No turnaround is in sight for the Swiss economy in 2003, with economists at Goldman Sachs predicting growth of "only 1.1 per cent".
The investment bank said Switzerland would continue to suffer from the depressed global environment this year.
In its European Weekly Analyst research publication, devoted to issues and the outlook for 2003, the bank said problems for the Swiss economy have been compounded by the overvaluation of the Swiss franc, which has been supported by safe haven capital flows.
The bank's economic researchers expect only a gradual pick-up in activity during 2003, with interest rates remaining close to current levels for most of the year.
It points out that the Swiss National Bank has battled to offset the tightening of monetary conditions, cutting interest rates by half a per cent during 2002 to a target range of 0.25 - 1.25 per cent.
Economic growth is likely to increase, they say, by "only 1.1 per cent" this year.
They argue that low interest rates will support investment and offset the negative impact of higher unemployment on consumer spending.
Exports are expected to improve only gradually because demand from Switzerland's main trading partners, in particular Germany, is likely to remain weak.

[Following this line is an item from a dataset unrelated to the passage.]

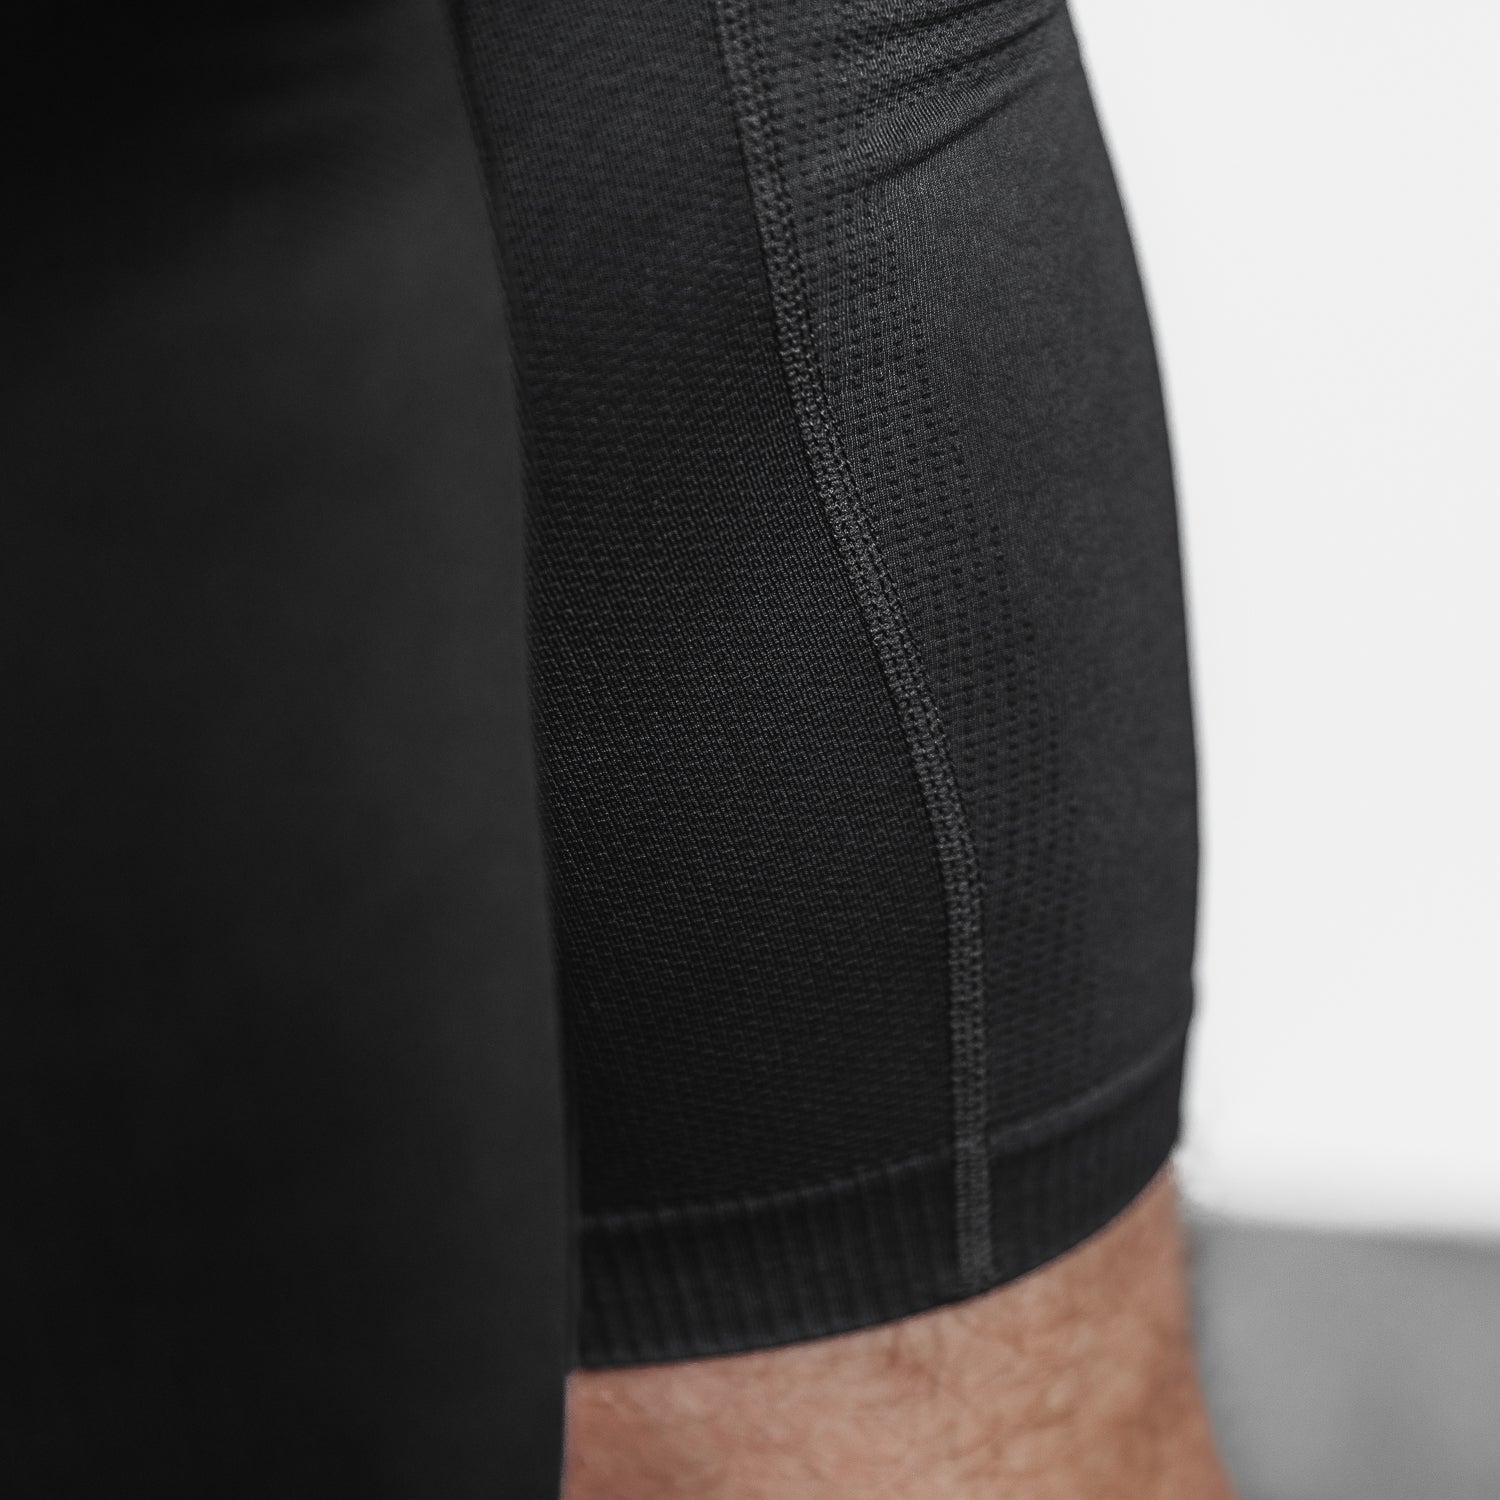 JOBST Confidence: Compression tights with no groin seam - Lipödem Mode  (bald: POWER SPROTTE - Der Blog)

The analysts at Goldman Sachs say the main threat to GDP growth comes from the global environment.
The possibility of a United States-led attack on Iraq, fears of terrorist attacks and risks of a slump in equity markets are all "ingredients" that could generate a double dip recession in Switzerland.

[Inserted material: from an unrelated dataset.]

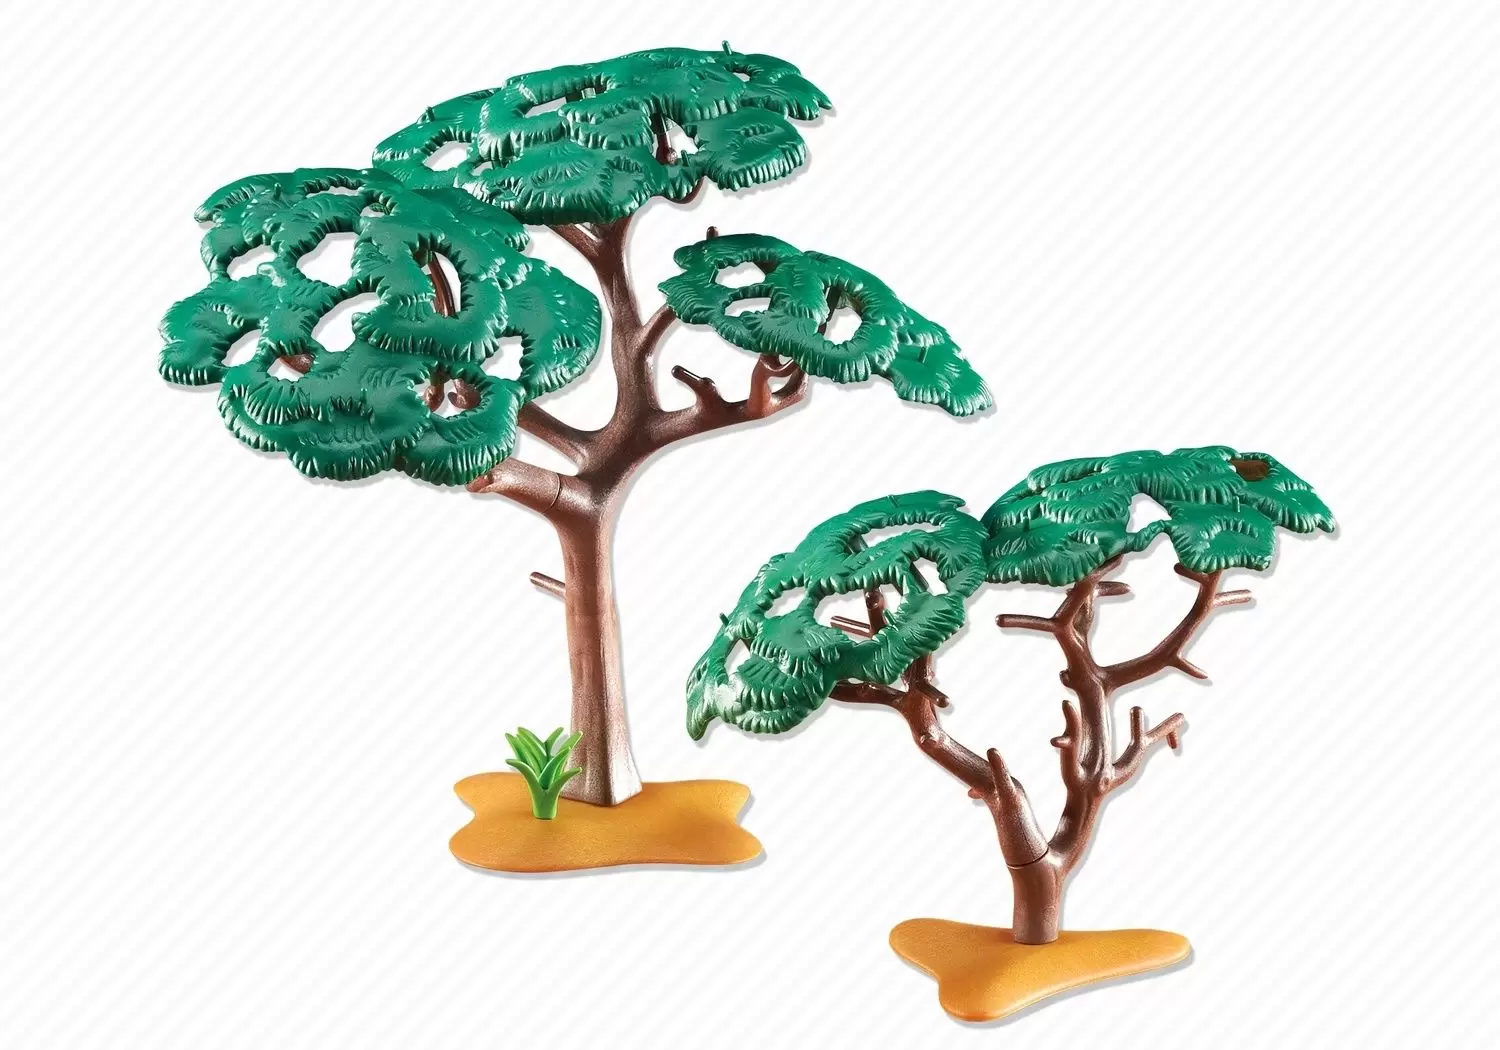 Playmobil Accessories & decorations - African Trees

And they maintain that with interest rates already below one per cent, there is little room left for further monetary easing in response to a further strengthening of the franc.

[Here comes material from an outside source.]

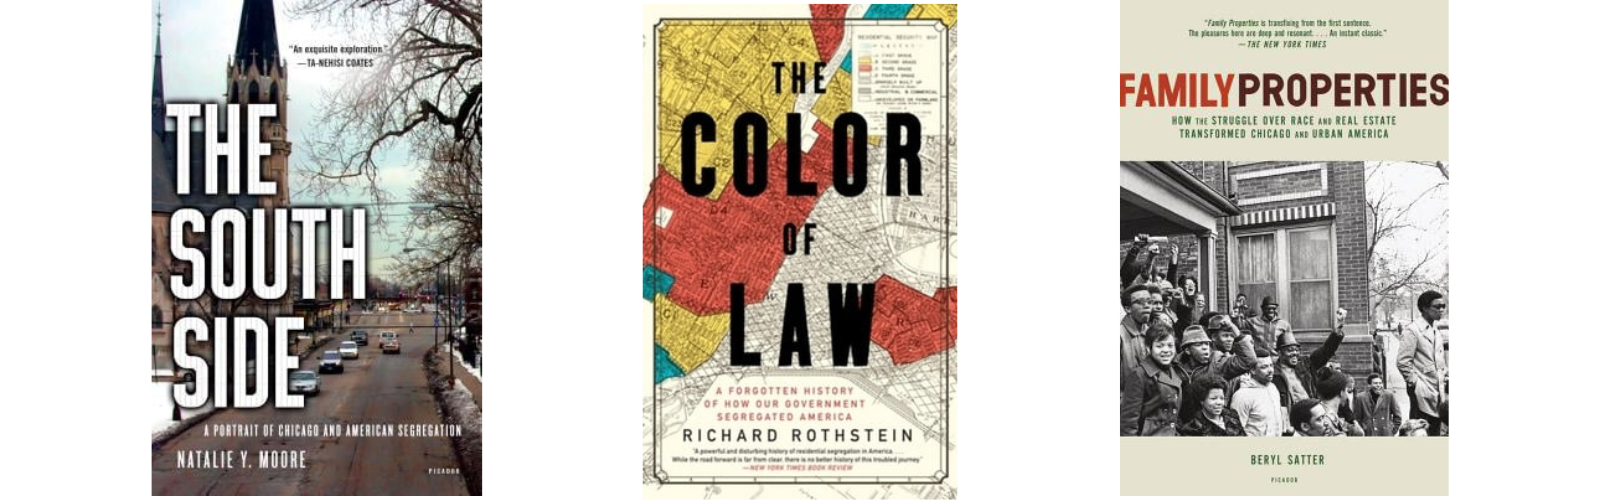 Covers of three books: South Side by Natalie Moore, Color of Law by Richard Rothstein, and Family Properties by Beryl Satter

The study says that although the Swiss economy faces some deflationary risk, this should not be overstated since the usual symptoms of a domestic-based deflation are absent.
Banking secrecy is set to remain in the spotlight, the researchers feel, as the European Union continues its efforts to harmonise the taxation of savings income among member states.
Talks between Switzerland and the EU on a draft EU directive requiring the exchange of information on non-residents' savings accounts from 2004 have so far failed.
Switzerland has repeatedly said that it cannot agree to an automatic exchange of information because this would contravene its banking secrecy laws, which it has stressed, are not negotiable.
Bern has proposed levying a withholding tax of up to 35 per cent on EU residents' savings earnings, with 75 per cent of revenues envisaged going to the EU, as an alternative to the information exchange.
But Bern has agreed to exchange information in cases of tax fraud, offering what is called administrative assistance to EU member states in double taxation conventions, on the basis of reciprocity.
Austria, Belgium and Luxembourg have said they consider the Swiss offer insufficient because they fear that their banking systems will be weakened due to flights of capital to Switzerland, where banking secrecy would be maintained.
The study feels that it is "unlikely" that Switzerland will agree to a proposal that would weaken its banking secrecy when the negotiations between the two sides resume on January 21, adding that it will be difficult to reach a deal.
The analysts feel that the efforts of Germany to repatriate funds that have been invested abroad to evade tax at home is likely to have a larger impact on the Swiss banking sector.
But they add that they do not expect major flows out of the sector as Swiss banks' expertise in fund and private wealth management means that they will still probably be able to manage this capital locally.
Goldman Sachs predicts growth of just 1.1 per cent in Switzerland in 2003.
Its economists say the depressed global environment will keep Swiss interest rates at their current low levels.
They caution that economy faces some deflationary risk but this should not be overstated.
Inflation in Switzerland averaged 0.6 per cent last year, down from one per cent in 2001.
A deal between Switzerland and the European Union on the taxation of savings earnings is seen as unlikely in the near future.